For our art project, we first drew pictures of our favorite animal.  Standard favorites: horses, birds, roosters (“cocks” in Ghana), and – probably because of the power of suggestion – fish.  Then I had them do step #1 on a two-step art project: tracing their hands on some construction paper.  About 1/3 of them brightened up and got VERY excited the second I showed them my hand against the construction paper.  Clearly they had done this before, though the rest of the class had not.  It’s so interesting to see what these kids do and do not know.  But they drew their hands – some of them with great difficulty – and I collected the papers so I could take them with me when it was time to leave.

Lunch – I can’t remember what it was, but I was starving and ate all of it.

Wli Waterfall

The Wli Waterfalls are one of the great sites to see in the area, and we were so hot that we were quite happy at the prospect of lots of cold water.  To get there, we hopped into an old van that’s actually called a “trotro” but which I named “A Deathtrap on Wheels”.  It was pretty rickety.

Ride in a trotro (aka “Deathtrap on Wheels”)

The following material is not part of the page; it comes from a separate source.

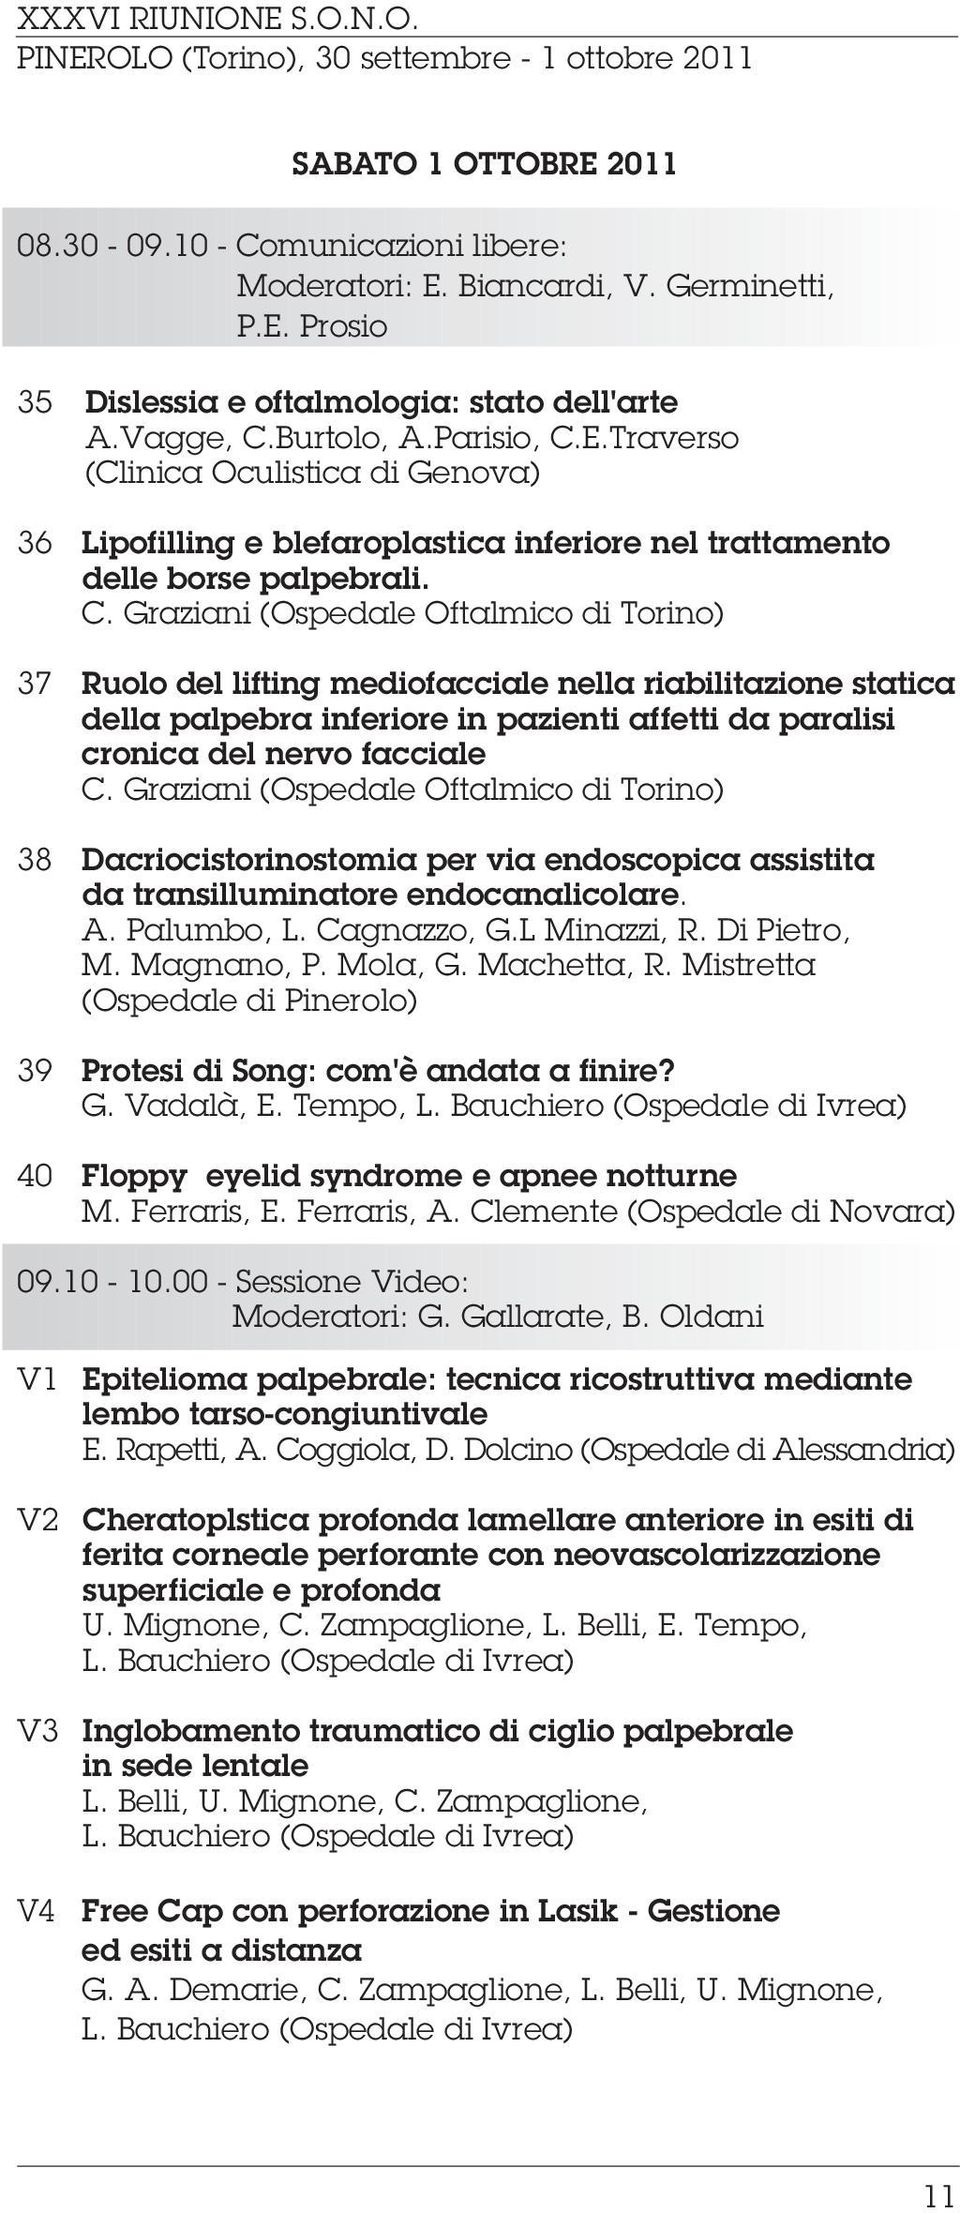 Graziani (Ospedale Oftalmico di Torino) 38 Dacriocistorinostomia per via endoscopica assistita da transilluminatore endocanalicolare. A. Palumbo, L. Cagnazzo, G.L Minazzi, R. Di Pietro, M. Magnano, P.

Once we got to the parking lot, we settled in to a 20 minute walk to the waterfalls.  Two teenage boys began to walk with Kitty in an attempt to give her a “tour” and theoretically get a tip at the end of the walk.  But Susan and I started to worry that leaving her alone with them wasn’t a good idea.  So we loitered back with her but also not giving the boys any leeway.  It’s not that Ghana was unsafe, but we both had reasons to be wary of strangers on paths.

Bridge to Wli
Vivian, teaching me to balance water on my head

The Wli Waterfalls were beautiful, flowing from the top of a cliff and down to a huge pool of water and complete with a pretty rainbow at the end.  I wasn’t going to go in due to prior experiences with waterfalls and leeches.  But FOMS (Fear of Missing Something) quickly set in and I trudged in.  The spray was extremely powerful – like needles pricking your eyes and skin.  Jes and I backed as far into it as we could before we’d had enough.  My skin was thoroughly exfoliated.

Wli Waterfalls
Wli Waterfall and Rainbow
Deathtrap, The Return Trip

Laundry Washing

Our CCS Program guide mentioned that there were no washer and dryers in the Home Base facilities, but that we could wash our own clothes in the yard “with a little elbow grease”.  Given the amount of sweating we’d done it’s no surprise that laundry needed to be done by a few folks.  It was a lovely afternoon so I stepped out do capture the process, and also to take pictures of Gabriel, one of the local boys.

Laundry Time
Gabriel Mugs for the Camera
Gabriel Tells the Camera What He Really Thinks of It
Laundry Aftermath
This is our couch area in the back; laundry was always hanging there
Our room, from the doorway

School Prep Night

Those of us teaching at schools were motivated to create arts and crafts projects for our students the next day, so we pulled out scissors, glue, construction paper, and other goodies and sat in the communal kitchen to cut and glue.  Jes – a special ed teacher – was well versed in teaching younger kids and full of ideas for what we could do to help teach and entertain the kids.  Jes has been to Ghana many times on her own and with her church, and has found her element here.  She keeps her own blog of her adventures too.

With the help of Susan and Kitty, we cut out my students’ hand drawings and pasted them to construction sheets of complimentary pieces of paper. This was made doubly hard because it was hot so we had the fans on full blast so of course construction paper not weighted down with ketchup, salt, and pepper flew everywhere.